Desde ahí es testigo presencial de las evasiones masivas, de los cacerolazos, de los disparos y de las noches con toque de queda. También de una pandemia. La misma que nos ha afectado a todos y que, de manera perceptible, ha provocado el aumento de personas viviendo a la intemperie.

Las razones para llegar a la calle históricamente han sido otras, muy diferentes a una enfermedad originada en China. En 2017, cuando se presentaron los primeros y únicos resultados detallados del Registro Social de Hogares, se reveló que más de un 60% había llegado a esa situación por problemas con su familia o pareja.

Uno de ellos es Carlos, quien debido a un pasado consumo problemático de alcohol decidió alejarse de su familia: “Los dejé botados, porque peleábamos mucho y era alcohólico. Ese era mi problema, que era alcohólico”.

La historia de Carlos es la más recurrente entre las personas en situación de calle, un relato repetido y que no es difícil de encontrar, ni ahora ni hace dos, cinco o diez años. Pero desde la pandemia las historias que se han ido sumando a la calle son diferentes.

Él mismo lo dice: “Como en junio, más o menos, había caleta de gente viviendo en la calle, pero era gente nueva”.

Esas personas se vieron forzadas a dejar sus viviendas en medio de la crisis sanitaria y habitar la calle. Se trata de un grupo nuevo, uno que vemos a diario en el bandejón de la Alameda, en la calle Portugal, en la avenida Pedro Montt, y en los parques Forestal y Almagro, por nombrar sólo algunos.

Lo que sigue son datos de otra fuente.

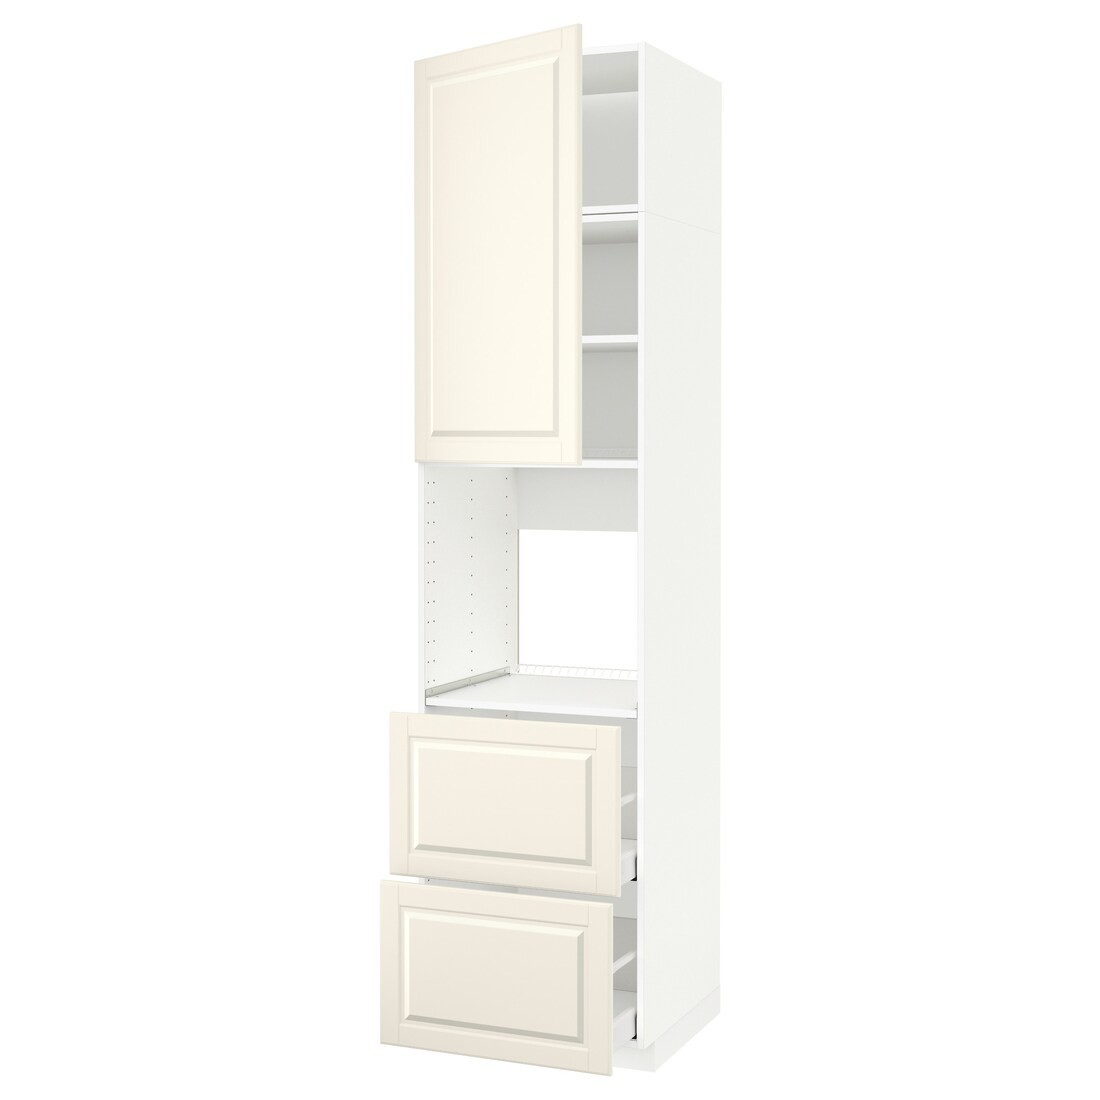 IKEA METOD МЕТОД / MAXIMERA МАКСИМЕРА Высокий шкаф для духовки, белый / Bodbyn кремовый, 60x60x240 см 99464227 | 994.642.27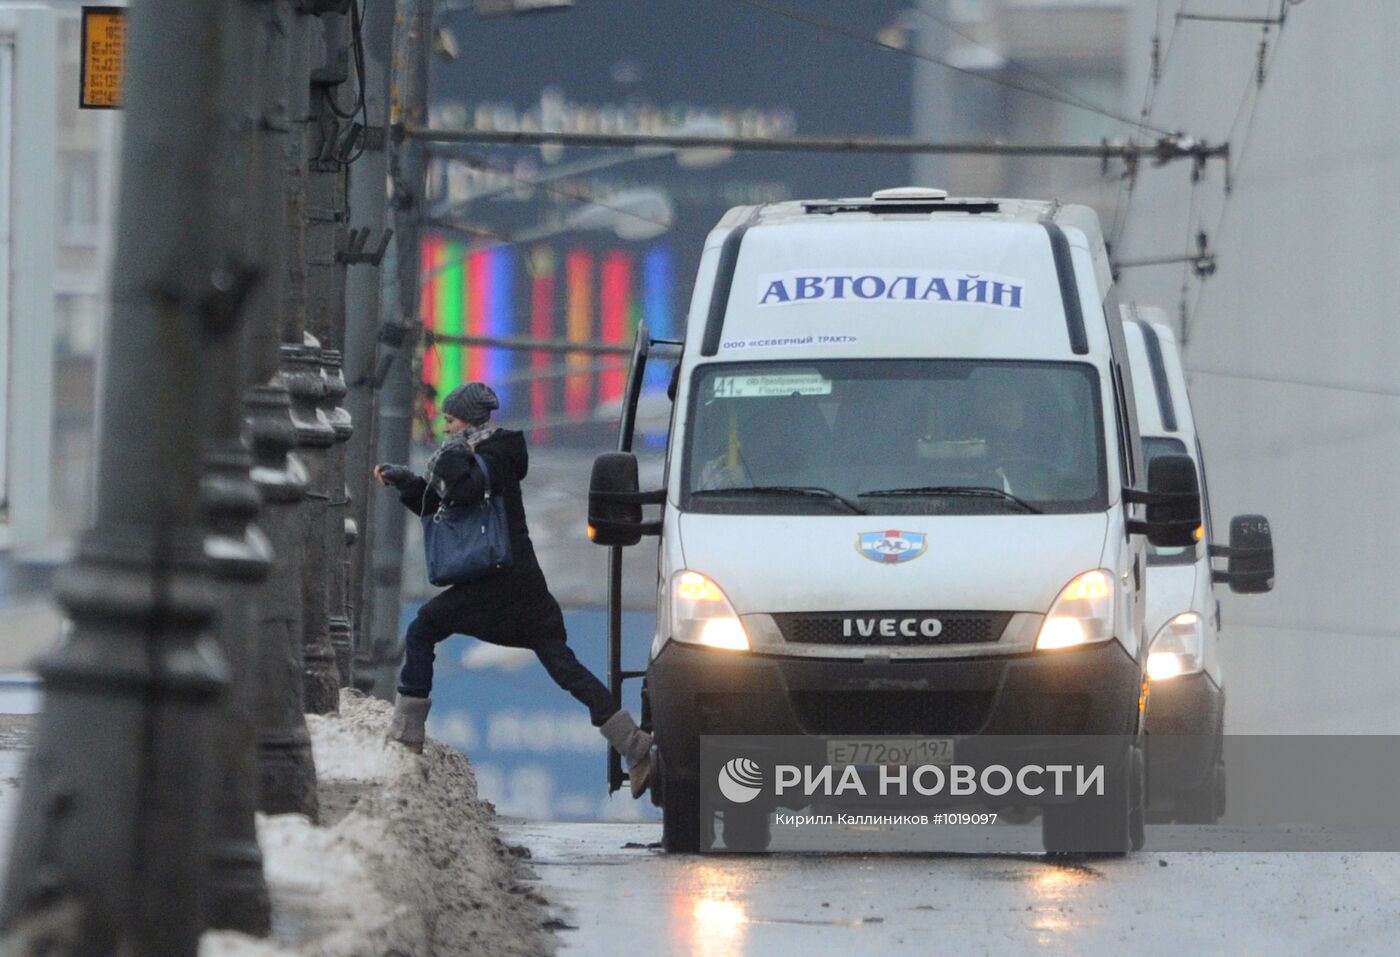 Маршрутные такси в Москве

Un grupo desprotegido, olvidado, sin nombre; o como Carlos los llama: los cabros de la carpa, el gallo con barba y la señora que tiene el marido comerciante.

La decisión de irse a la calle

Viviana (35) y su marido arrendaban una pieza en una antigua casa, cerca del Terminal de Buses San Borja. Son comerciantes callejeros. Les iba bien, tanto que llegaron a hablar de tener un hijo y de ahorrar para irse a algo más grande, pero la pandemia truncó sus sueños.

La cuarentena los dejó sin salir a trabajar y, por lo mismo, sin ingresos económicos. La ayuda del Gobierno ya no era suficiente y tuvieron que tomar una decisión que les cambiaría la vida en 180 grados: irse a la calle con lo poco que tenían.

“Vendimos las cosas más grandes y nos fuimos. Fue como a mediados de junio. Teníamos claro que iba a ser por poco tiempo, pero estuvimos casi tres meses, casi todo el inverno”, narra.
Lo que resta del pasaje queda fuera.